Section 614-109, General Code, providing for the granting of permits to private motor carriers contains the language:
"No corporation * * * shall hold, operate, manage or control more than one permit."
No similar provisions, relevant to motor transportation companies, appear, and in Section 614-87, General *Page 398 Code, the word, "certificate," is used many times.
Section 614-104, General Code, provides:
"No private motor carrier as defined in the preceding section shall operate any motor vehicle for the transportation of persons or property, or both, for hire, on any public highway in this state except in accordance with the provisions of this chapter. And no such private motor carrier shall continue or commence its operation as such in this state without first obtaining a permit from the Public Utilities Commission as provided in this chapter."
From the various statutes which have been quoted and which appear in Chapter 1, Division II, Title III, Part First of the General Code, which contains the Ohio motor carrier statutes, a certificated motor transportation company or common carrier by motor vehicle as defined in Section 614-84 is something entirely different from a private motor carrier or a contract carrier by motor vehicle as defined in Section 614-103. However, in no place in the statutes is there any prohibition against one person being both a common carrier and a contract carrier. Under a certificate as a common carrier the carrier must come within the definitions of Sections 614-2, 614-2a and 614-84, and as a contract carrier he must come within the definitions under Section 614-103 and the provisions of Section 614-104.
The statutes provide different qualifications and definitions with respect to becoming an attorney and a physician, and yet there is no prohibition against the same person qualifying for both professions.
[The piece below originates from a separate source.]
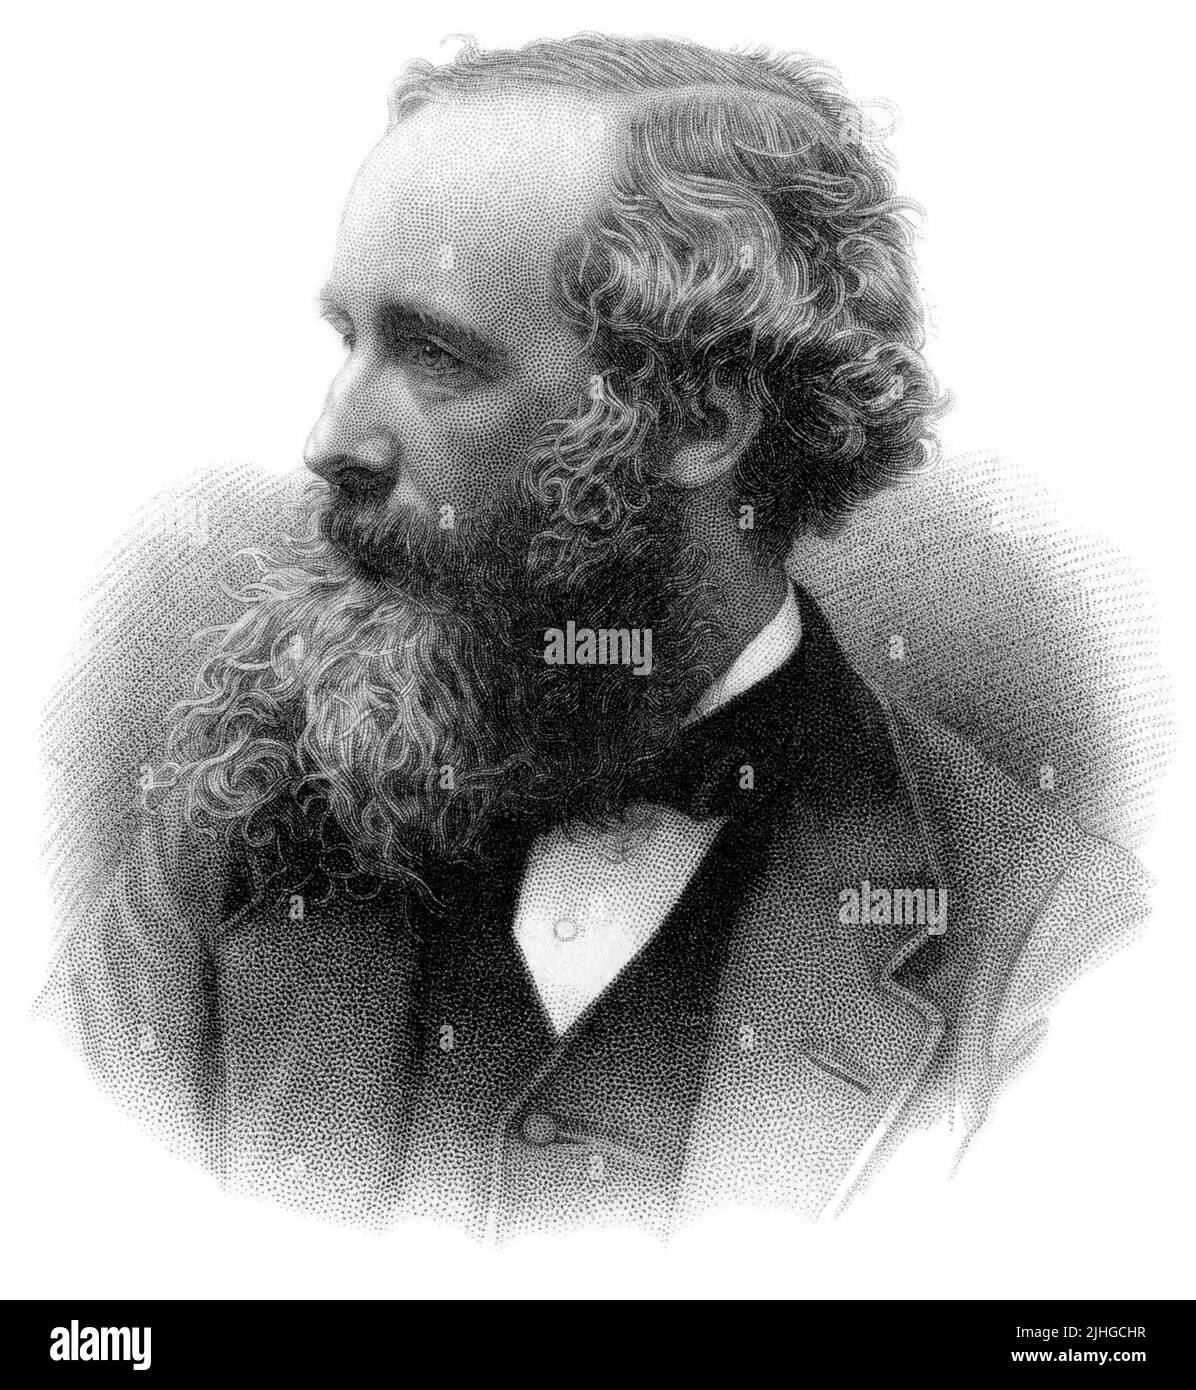 James Clerk Maxwell FRSE FRS (1831–1879) était un mathématicien et physicien écossais responsable de la théorie classique du rayonnement électromagnétique, qui a été la première théorie à décrire l'électricité, le magnétisme et la lumière comme différentes manifestations du même phénomène. Maxwell est considéré par certains comme le Père de la physique moderne. Banque D'Images
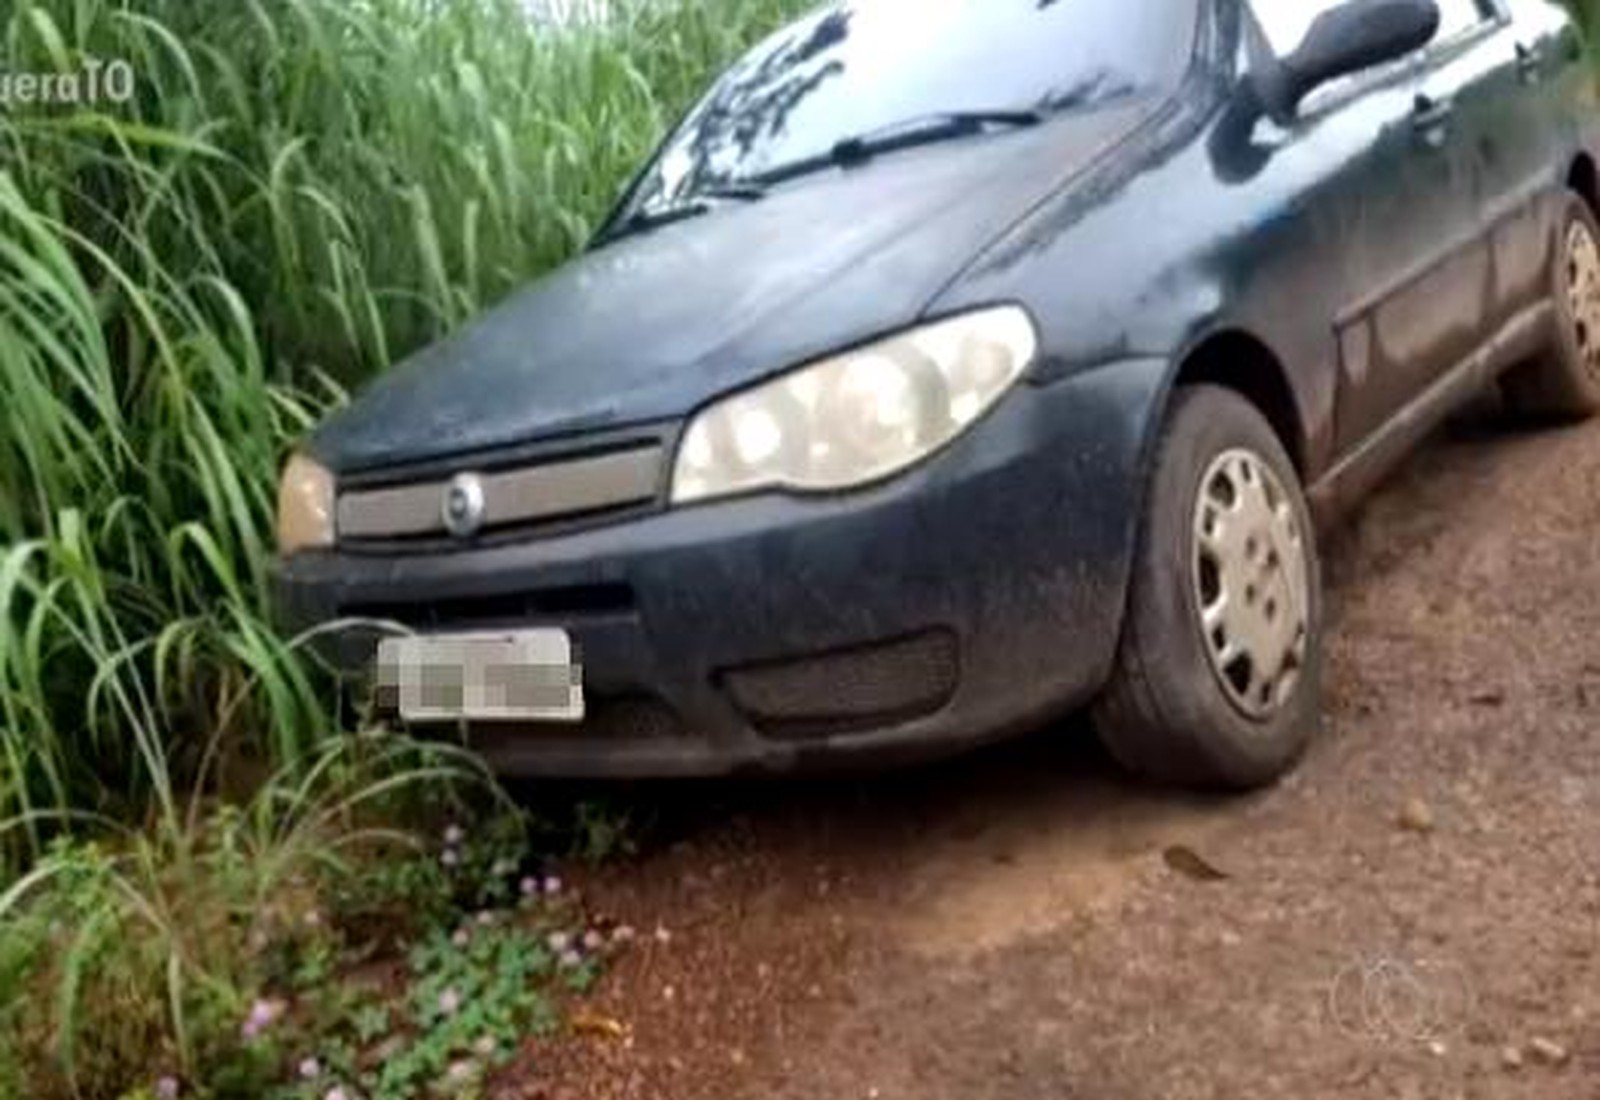 Desaparecimento de dois jovens há mais de uma semana deixa famílias preocupadas; carro em que estavam é encontrado abandonado em fazenda em Aparecido do Rio Negro

The language of Chief Justice Weygandt, quoted supra, does not mean that it was unlawful for the commission to adopt rule 12 which enabled it to vest a dual character upon a transportation company if consistent with the public interest. If the MahoningExpress Co. case has any bearing upon the instant *Page 399 case it is to the effect that the commission should be very chary about issuing a permit to a certificated company and should be very sure that rule 12 is utilized consistently with the public interest.
In 1935, Congress in Section 210, Part II of the Interstate Commerce Act (Section 210, Title 49, U.S. Code), provided that, if the Interstate Commerce Commission, for good cause shown, finds that both a certificate and a permit may be held consistently with the public interest and with the national transportation policy, one person can hold both a certificate and a permit. It is common knowledge that interstate motor carriers do operate through this state and the Interstate Commerce Commission can give them dual authority when found consistent with the public interest.
Section 614-83, General Code, which is the declaration of policy of this state in the regulation of transportation by common and contract carrier by motor vehicles, provides that there shall be co-operation with the federal government and the several states. The law with reference to interstate carriers furnishes another reason for the propriety of rule 12.
Since we hold that rule 12 is not prohibited by the law of the state, and that the rule is applicable only where the commission after hearing shall find that the holding of a permit by a certificated common carrier is consistent with the public interest, and since the instant case furnishes an exceptional example for the application of the rule, the order of the commission is not unreasonable or unlawful, and is affirmed.
Order affirmed.
WEYGANDT, C.J., MATTHIAS, HART, ZIMMERMAN and TURNER, JJ., concur.